Wednesday, July 29, 2009

Selling out the client - Part III

Here's the question (and I'm deliberately fuzzing it up) that's been the subject of fairly heated debate among Ohio criminal defense lawyers this afternoon:

The judge screws up the written entry (which in Ohio is what counts) and gives the client less time than everyone expected and less, almost surely, than the judge intended. Apparently, the only one who notices is defense counsel. What's counsel's obligation?

Maybe you'd think that would be an easy one? And it seems as if everyone thinks it is. Except that there are two dramatically different answers coming from members of the bar.

So let's step back for a minute and try to see what's going on.

First there's the law. Back in 1997, in Cincinnati Bar Assn. v. Nienaber, the Ohio Supreme Court said that lawyers could never lie to the court either explicitly or implicitly. Nienaber, the court said, "not only made affirmative representations to the courts which were untrue, but by his silence he allowed each court to make unwarranted inferences."

In reaching that conclusion, the rejected Nienaber's defense that he'd given precisely correct, albeit incomplete and misleading (that "albeit" is mine; it's not clear Nienaber conceded as much) answers to the courts' questions. Not good enough, the court said. He intentionally misled. Then came the kicker. Quoting the Nebraska Supreme Court from 1937, the court said:
We require complete candor with courts. We agree with the Supreme Court of Nebraska, which sixty years ago said, “An attorney owes his first duty to the court. He assumed his obligations toward it before he ever had a client. His oath requires him to be absolutely honest even though his client's interests may seem to require a contrary course. The [lawyer] cannot serve two masters; and the one [he has] undertaken to serve primarily is the court.”
So there you have it. In a contest between the client and the court, the lawyer is supposed to be on the court's side.

But that assumes there's a contest.

Lawyers are also supposed to represent their clients, er, just how? Not zealously, as I explained in an earlier post Ohio has abandoned that requirement which it never really meant. Instead, well, to quote the court itself,

[V]igorous and effective representation of a client is the responsibility of all attorneys.
With the caveat, of course, that the court comes first.

OK, that's all part of the same rule. You can't lie to the court directly by what you say or indirectly by what you omit. But it doesn't really say what you can do.

Along with the legal/ethical rules, there's the doing business problem. If you don't point out the probable mistake, you "risk your good name and reputation" with prosecutor and judge.
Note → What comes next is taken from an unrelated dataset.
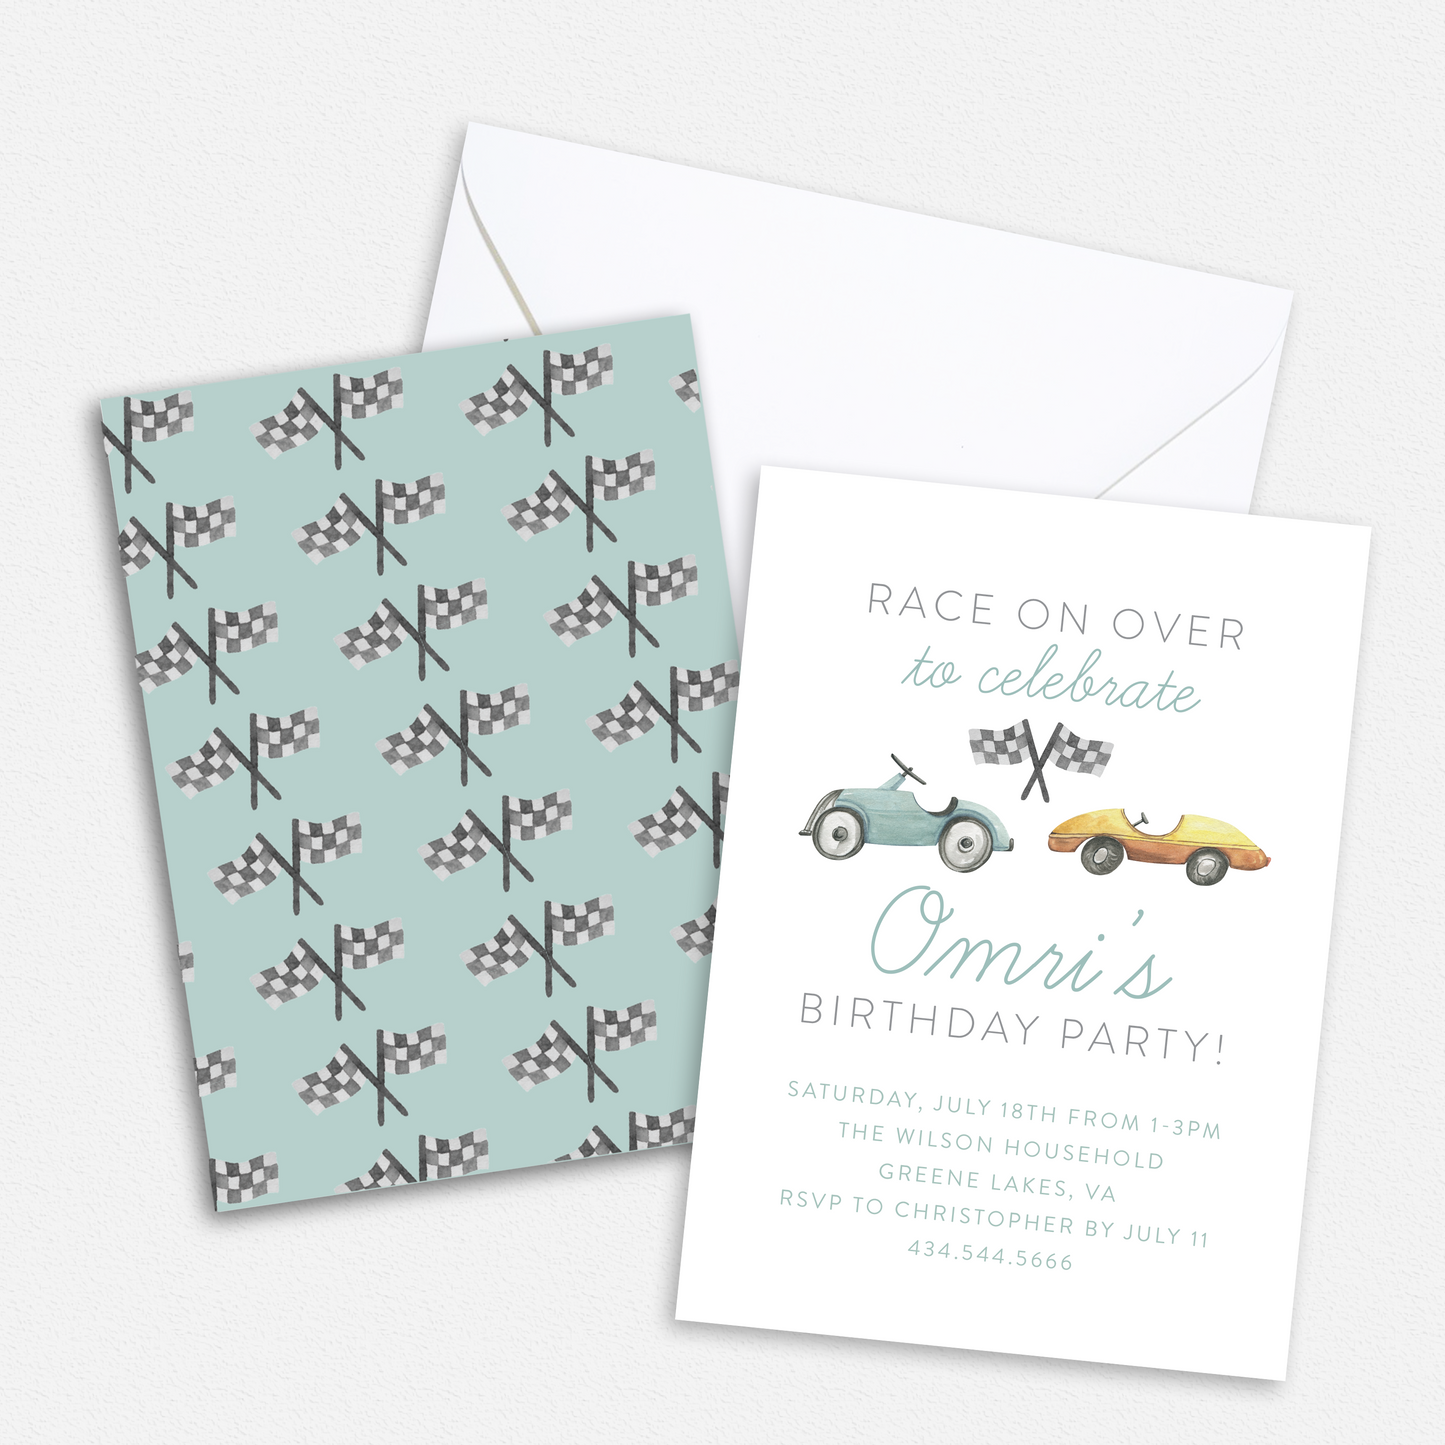 Vintage Race Car Birthday Party Invitation - Custom OR Fill-in-the-Blank - Set of 25

If you do, you earn "brownie points" or "street cred." with them. (I'm quoting lawyers who staked out positions on this today). So, if you speak up, you might earn some favoritism in the future. And really, what's the harm since the client will end up with what the client expected.

OK, there's the problem and the issues.

Here's my answer.

We represent the client. We can't lie to the court by commission or omission. But we're under no obligation to volunteer information that will hurt our clients. In fact, we're under an obligation precisely not to do that.

If the court made a mistake that helps our client, so be it. Not our job to point it out.

And while it never hurts to be liked (even favored) by judges and prosecutors, we must never trade the obligation to this client for the possibility that not advocating forcefully today will redound to the benefit of others tomorrow. And certainly not for a pat on the head or a scratch behind the ears.

You know, it is an easy call. I just don't get why some people don't get it.


It's an easy call. But too many lawyers don't get it.